Pediatric Patients (10 - 17 years): The recommended starting dose of lurasidone hydrochloride tablets is 20 mg given once daily as monotherapy. Initial dose titration is not required. The dose may be increased after one week based on clinical response. Lurasidone hydrochloride tablets has been shown to be effective in a dose range of 20 mg per day to 80 mg per day as monotherapy. The maximum recommended dose is 80 mg per day.
Concomitant Use with CYP3A4 Inhibitors: If lurasidone hydrochloride tablets is being prescribed and a moderate CYP3A4 inhibitor (e.g. diltiazem, atazanavir, erythromycin, fluconazole, verapamil etc.) is added to the therapy, the lurasidone hydrochloride tablets dose should be reduced to half of the original dose level. Similarly, if a moderate CYP3A4 inhibitor is being prescribed and lurasidone hydrochloride tablets is added to the therapy, the recommended starting dose of lurasidone hydrochloride tablets is 20 mg per day, and the maximum recommended dose of lurasidone hydrochloride tablets is 80 mg per day.
Concomitant Use with CYP3A4 Inducers: If lurasidone hydrochloride tablets are used concomitantly with a moderate CYP3A4 inducer, it may be necessary to increase the lurasidone hydrochloride tablets dose after chronic treatment (7 days or more) with the CYP3A4 inducer.
Specific Population: Administration in Patients with Renal Impairment: Dose adjustment is recommended in moderate (creatinine clearance: 30 to <50 mL/min) and severe renal impairment (creatinine clearance <30 mL/min) patients. The recommended starting dose is 20 mg per day. The dose in these patients should not exceed 80 mg per day. Greater exposure may increase the risk of lurasidone hydrochloride-associated adverse reactions.
Administration in Patients with Hepatic Impairment: Dose adjustment is recommended in moderate (Child-Pugh Score = 7 to 9) and severe hepatic impairment (Child-Pugh Score = 10 to 15) patients. The recommended starting dose is 20 mg per day. The dose in moderate hepatic impairment patients should not exceed 80 mg per day and the dose in severe hepatic impairment patients should not exceed 40 mg/day. Greater exposure may increase the risk of lurasidone hydrochloride-associated adverse reactions.
Elderly Patients: Reportedly clinical studies with lurasidone hydrochloride did not include sufficient numbers of patients aged 65 and older to determine whether or not they respond differently from younger patients. In elderly patients with psychosis (65 to 85), lurasidone hydrochloride concentrations (20 mg/day) were similar to those in young subjects. It is unknown whether dose adjustment is necessary on the basis of age alone.

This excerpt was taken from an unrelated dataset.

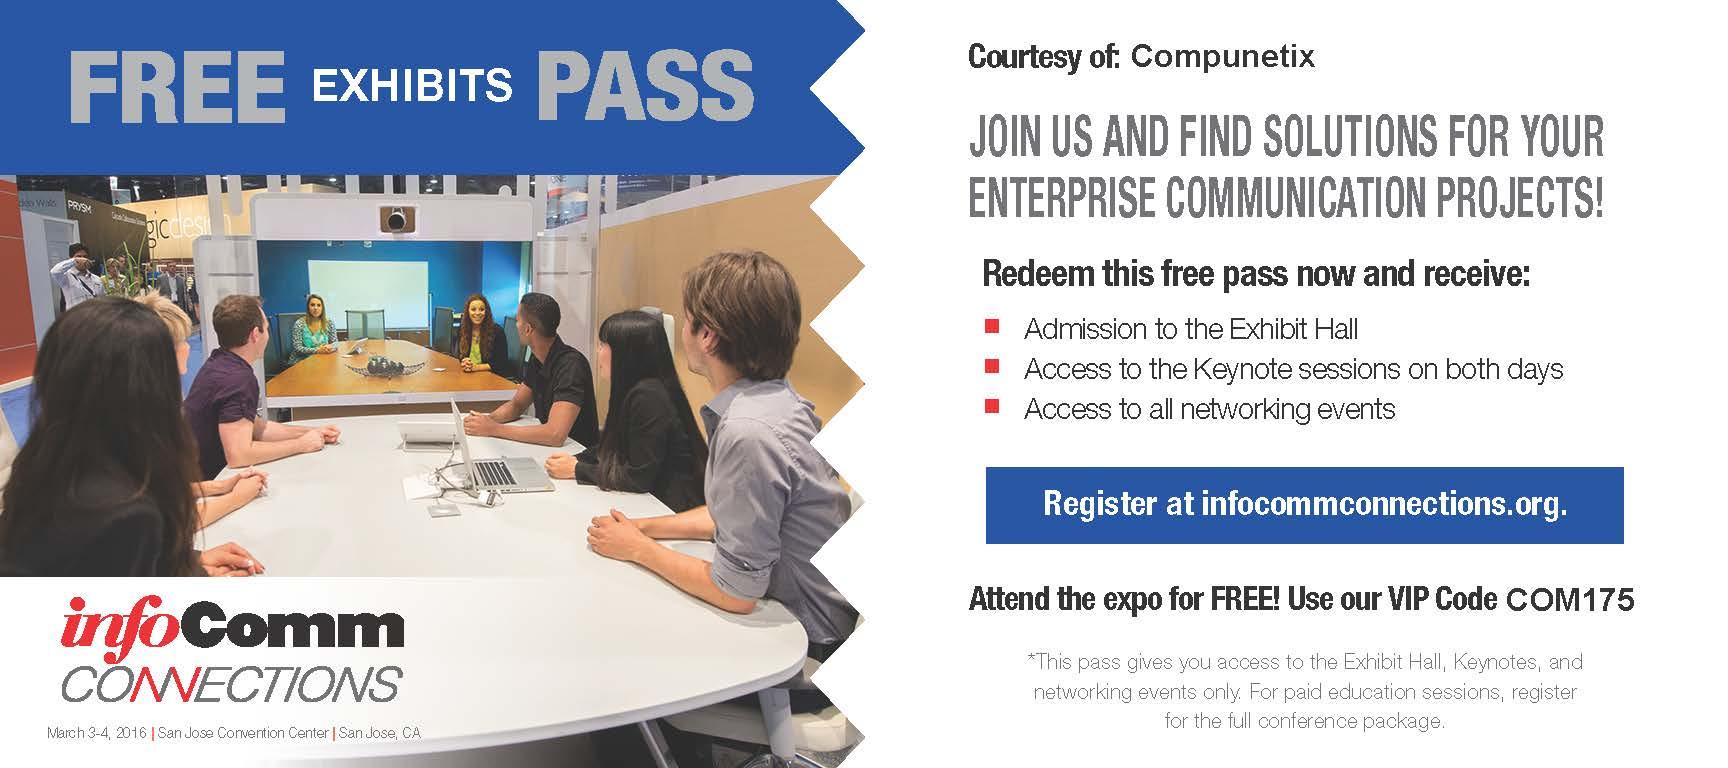 InfoComm Connections_San Jose_VIP PASS_COMPUNETIX2

Human Experience: In premarketing clinical studies, accidental or intentional overdosage of lurasidone hydrochloride was identified in one patient who ingested an estimated 560 mg of lurasidone hydrochloride. This patient recovered without sequelae. This patient resumed lurasidone hydrochloride treatment for an additional two months.
Management of Overdosage: No specific antidotes for lurasidone hydrochloride are known. In managing overdose, provide supportive care, including close medical supervision and monitoring, and consider the possibility of multiple drug involvement. If an overdose occurs, consult a Certified Poison Control Center.
Cardiovascular monitoring should commence immediately, including continuous electrocardiographic monitoring for possible arrhythmias. If antiarrhythmic therapy is administered, disopyramide, procainamide, and quinidine carry a theoretical hazard of additive QT-prolonging effects when administered in patients with an acute overdose of lurasidone hydrochloride. Similarly, the alpha-blocking properties of bretylium might be additive to those of lurasidone hydrochloride, resulting in problematic hypotension.
Hypotension and circulatory collapse should be treated with appropriate measures. Epinephrine and dopamine should not be used, or other sympathomimetics with beta-agonist activity, since beta stimulation may worsen hypotension in the setting of lurasidone hydrochloride-induced alpha blockade. In case of severe extrapyramidal symptoms, anticholinergic medication should be administered.
Gastric lavage (after intubation if patient is unconscious) and administration of activated charcoal together with a laxative should be considered.
The possibility of obtundation, seizures, or dystonic reaction of the head and neck following overdose may create a risk of aspiration with induced emesis.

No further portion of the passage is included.